Chris Wood reduces India overweight on J&K issue
Valuations of Indian stocks not cheaper despite the 10% decline in the Nifty from its life high

Wood has reduced its overweight on India by a further one percentage point in favour of Indonesia where he believes the investment case looks much more straightforward.
“The Kashmir aggravation has added an additional negative... it can also be argued that Modi should not have allowed himself to be distracted by the execution of the BJP agenda on Kashmir, which like demonetisation was planned in great secrecy with many cabinet ministers kept in the dark, when all the evidence is that the Indian economy continues to weaken,” said Wood.

“(The order) ...has given much greater credibility to the longstanding attack on Modi by his domestic critics that his agenda is to build a Hindu ‘majoritarian’ state and turn India into ‘Hindustan’,” said Wood.
Wood said he is not so sure what the government can do about the economy in the short term.
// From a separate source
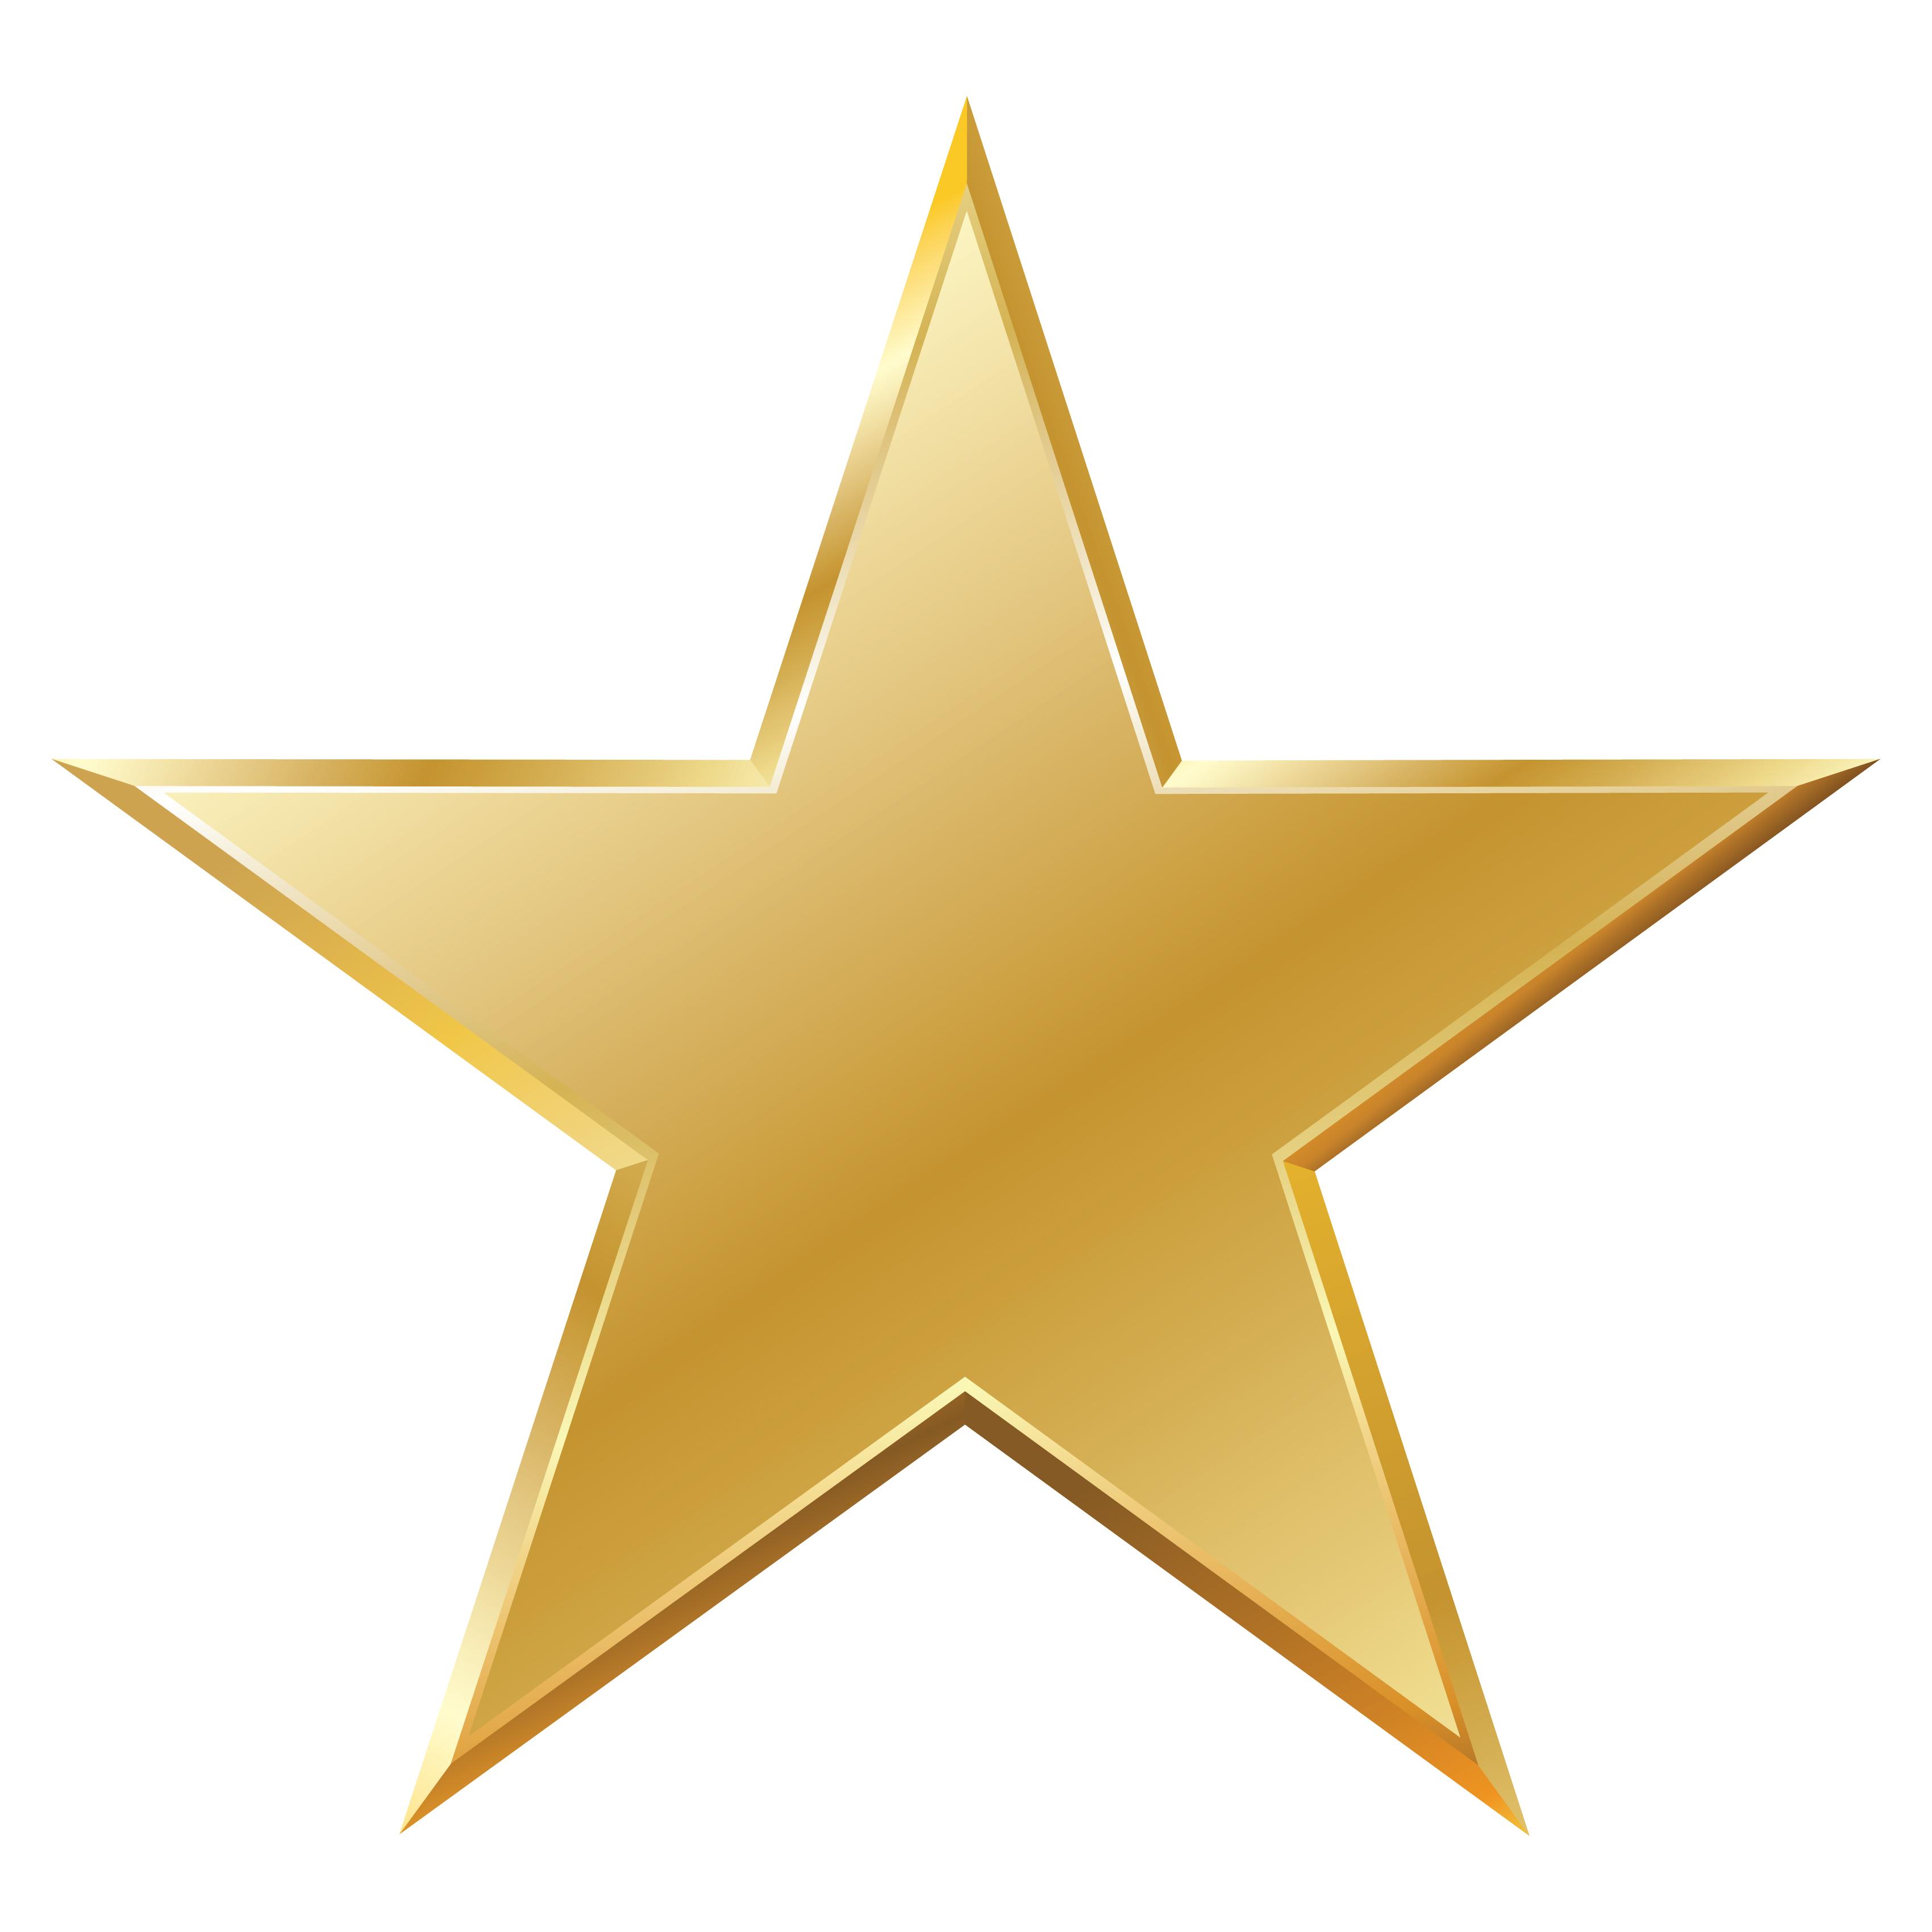 Star Gold Clip art.

Some of this slowdown, particularly in the auto sector, reflects the continuing liquidity squeeze in the NBFC space triggered by the default of formerly Triple-A rated IL&FS a year ago, he said.
The problem of loan issue in public sector banks remains one area where the government policy could have been more pro-active, said Wood. The process of writing off the bad assets and putting them in more credit worthy hands is taking longer than hoped as defaulters seek to hold on to their assets by judicial appeal, he said.
“The legacy problems in the public sector banks, and the continuing tight liquidity in terms of extended loan deposit ratios and the like, mean that monetary easing will continue to be not as effective as hoped in the sense that the rate cuts are not being passed on fully to borrowers,” said Wood.
Valuations
The Nifty trades at 16.7 times one-year forward price-to-earnings, compared with an average of 15.2 times since 2008. Continued inflows into domestic mutual funds remains a positive, said Wood. Equity investors are going to need to see evidence of a cyclical pickup to get excited since more monetary easing is already assumed, and there will remain legitimate scepticism about the impact of such easing, he added.